● What is being asked:
Give again, exactly and only, the lines running from the one with "Knight Chess Sketch Stock Illustrations" to the end of the material below; leave out pictures.

● Provided material:

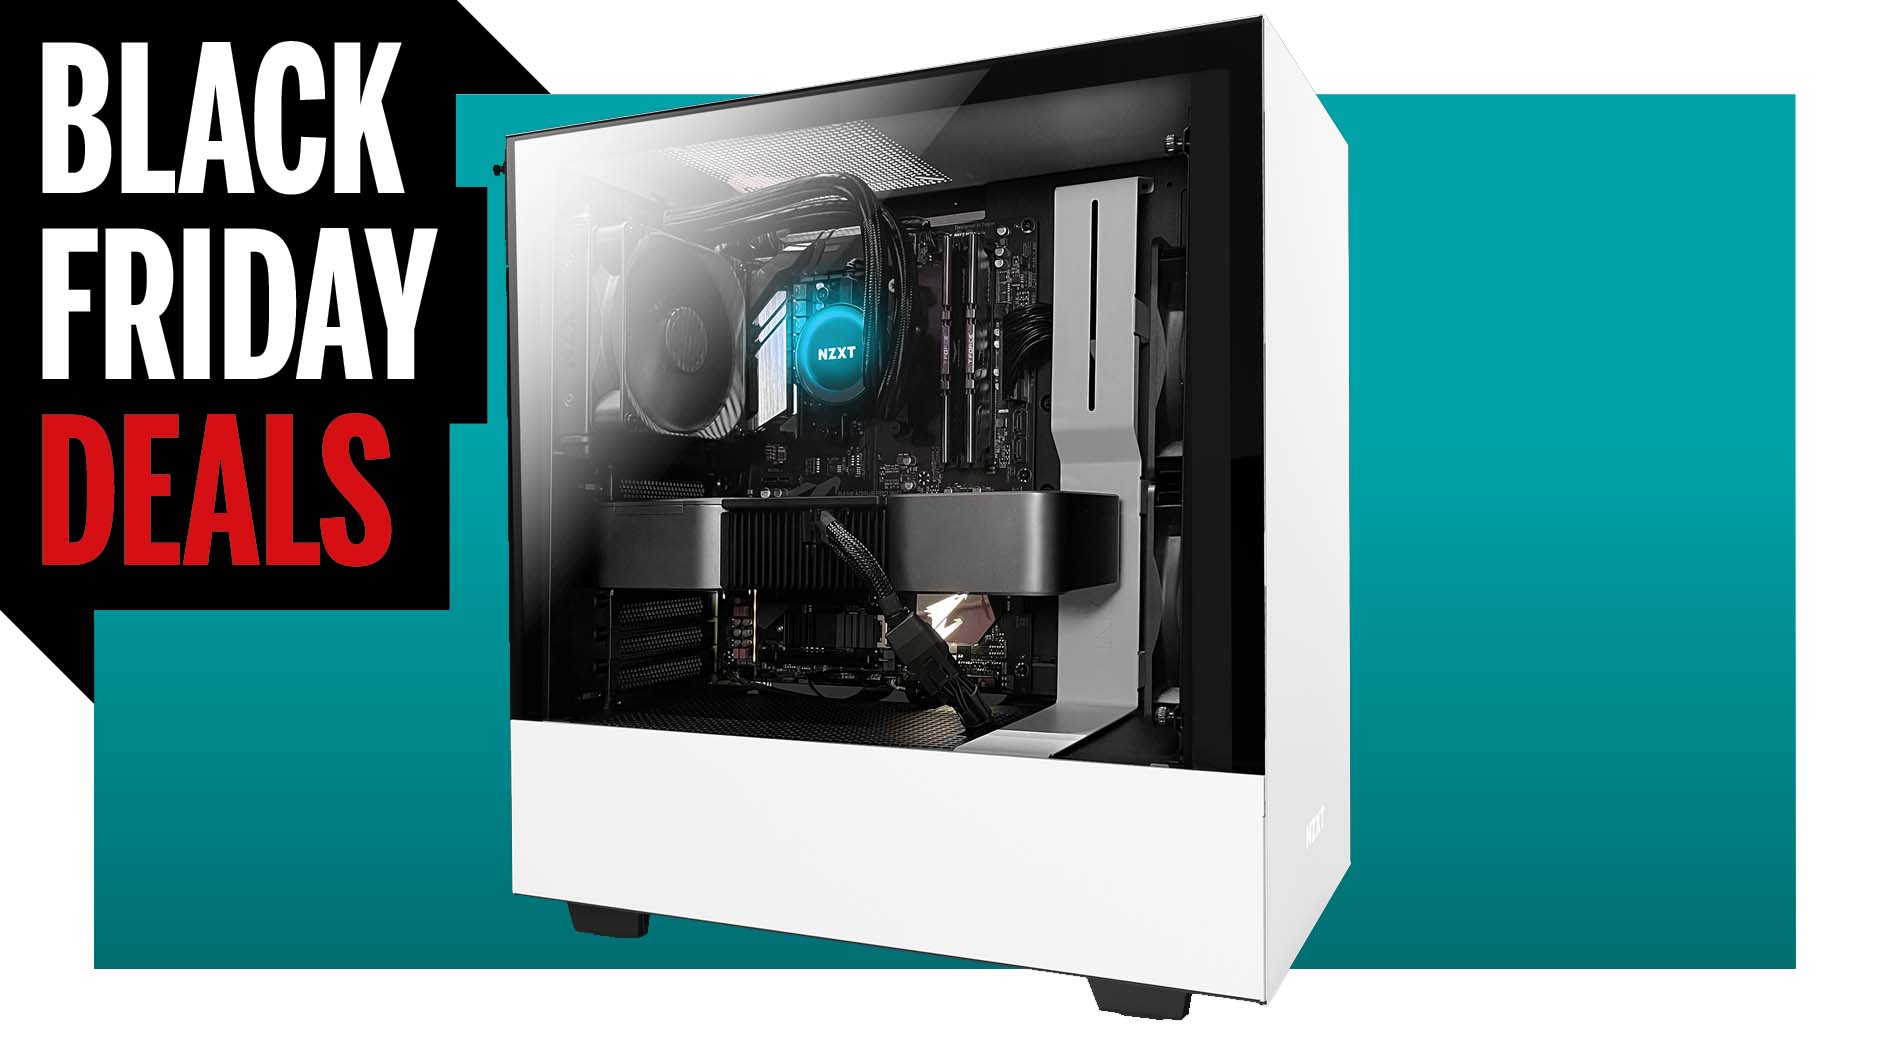 Buy One Of These 3 Black Friday Gaming PCs If You Want To Game At 1440p & 144Hz thumbnail
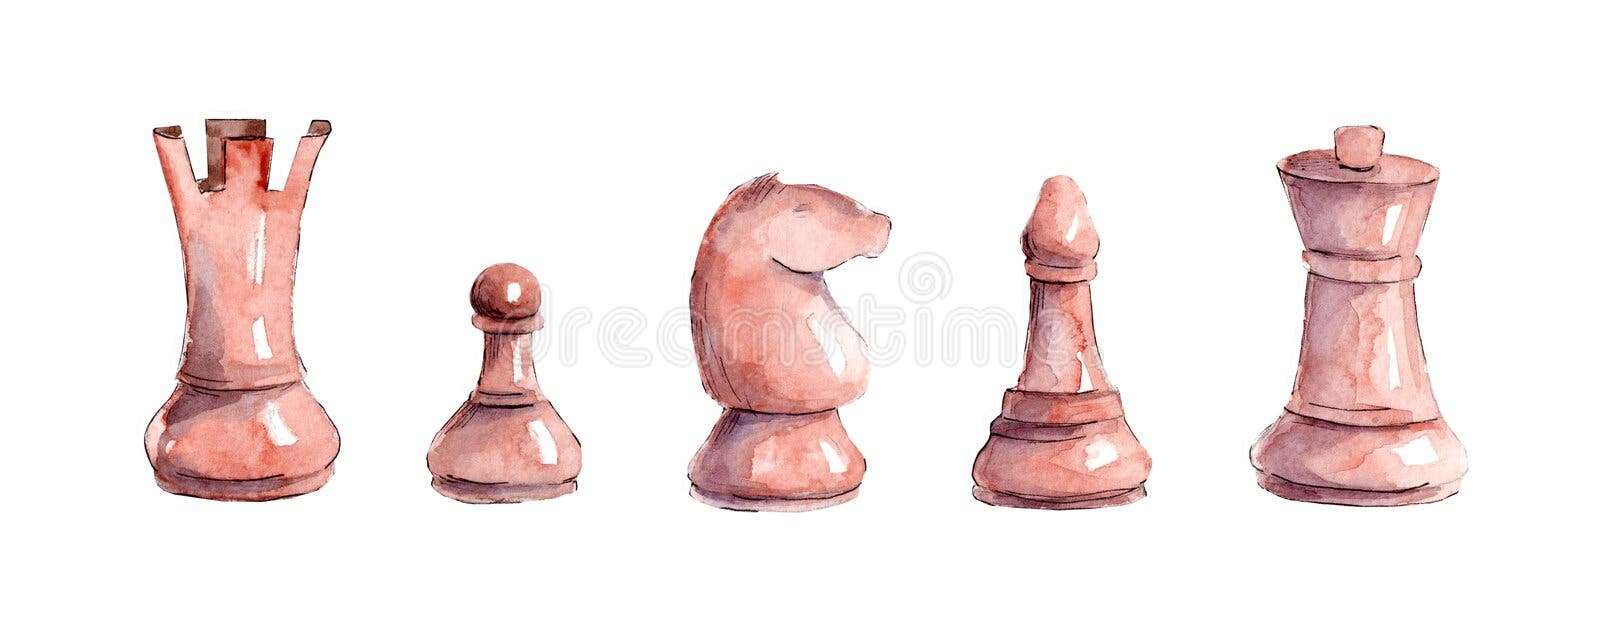 Knight Chess Sketch Stock Illustrations – 666 Knight Chess Sketch Stock  Illustrations, Vectors & Clipart - Dreamstime
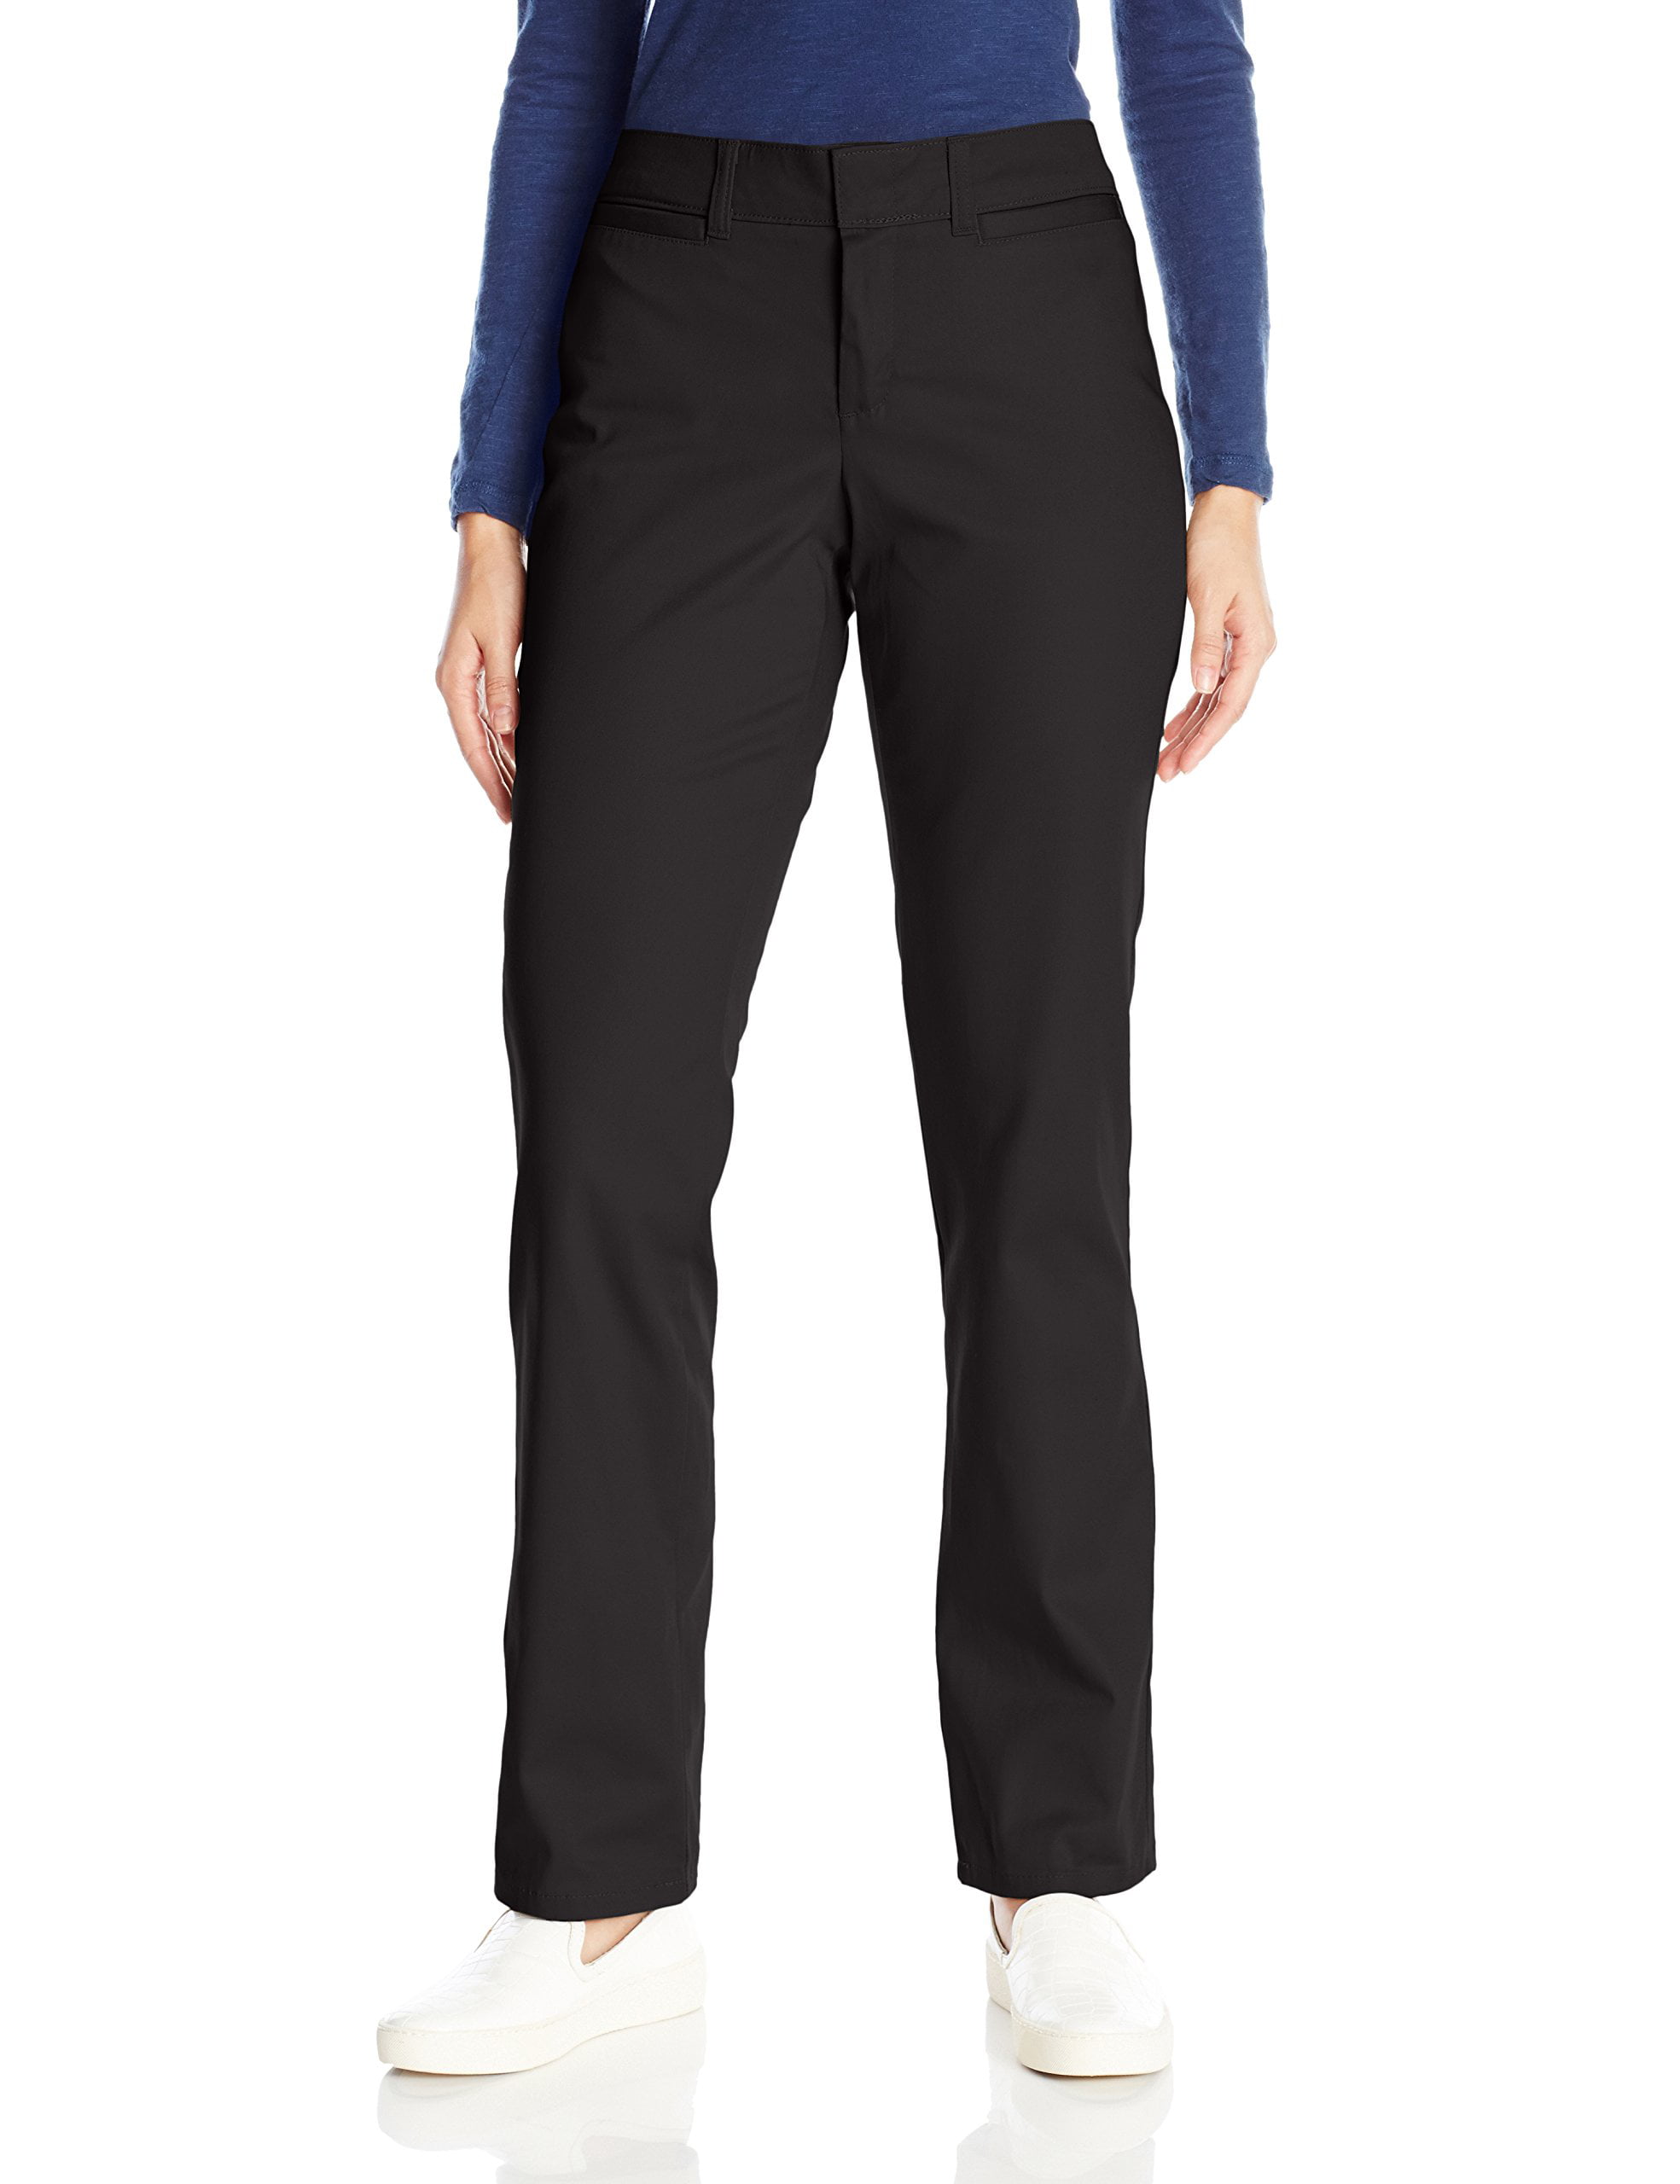 Catan - dickies women's relaxed straight stretch twill work pant, black ...
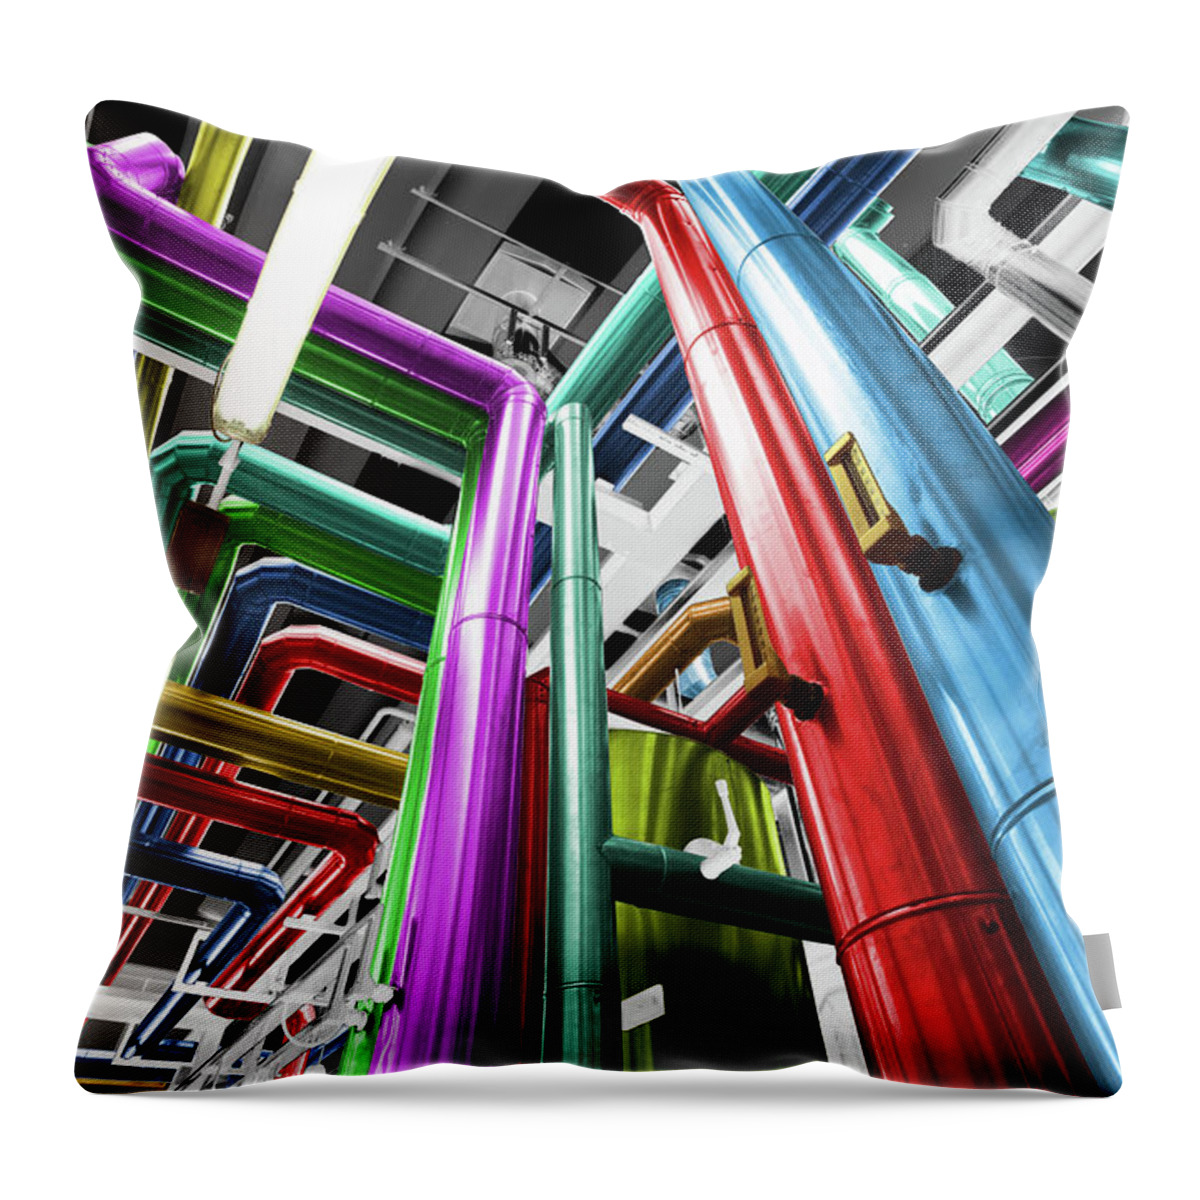 Manufacturing Equipment Throw Pillow featuring the photograph Thermal Power Plant With Its Pipes by Seraficus

● Solution to this exercise:
 Knight Chess Sketch Stock Illustrations – 666 Knight Chess Sketch Stock  Illustrations, Vectors & Clipart - Dreamstime
 Catan - dickies women's relaxed straight stretch twill work pant, black ...
 Manufacturing Equipment Throw Pillow featuring the photograph Thermal Power Plant With Its Pipes by Seraficus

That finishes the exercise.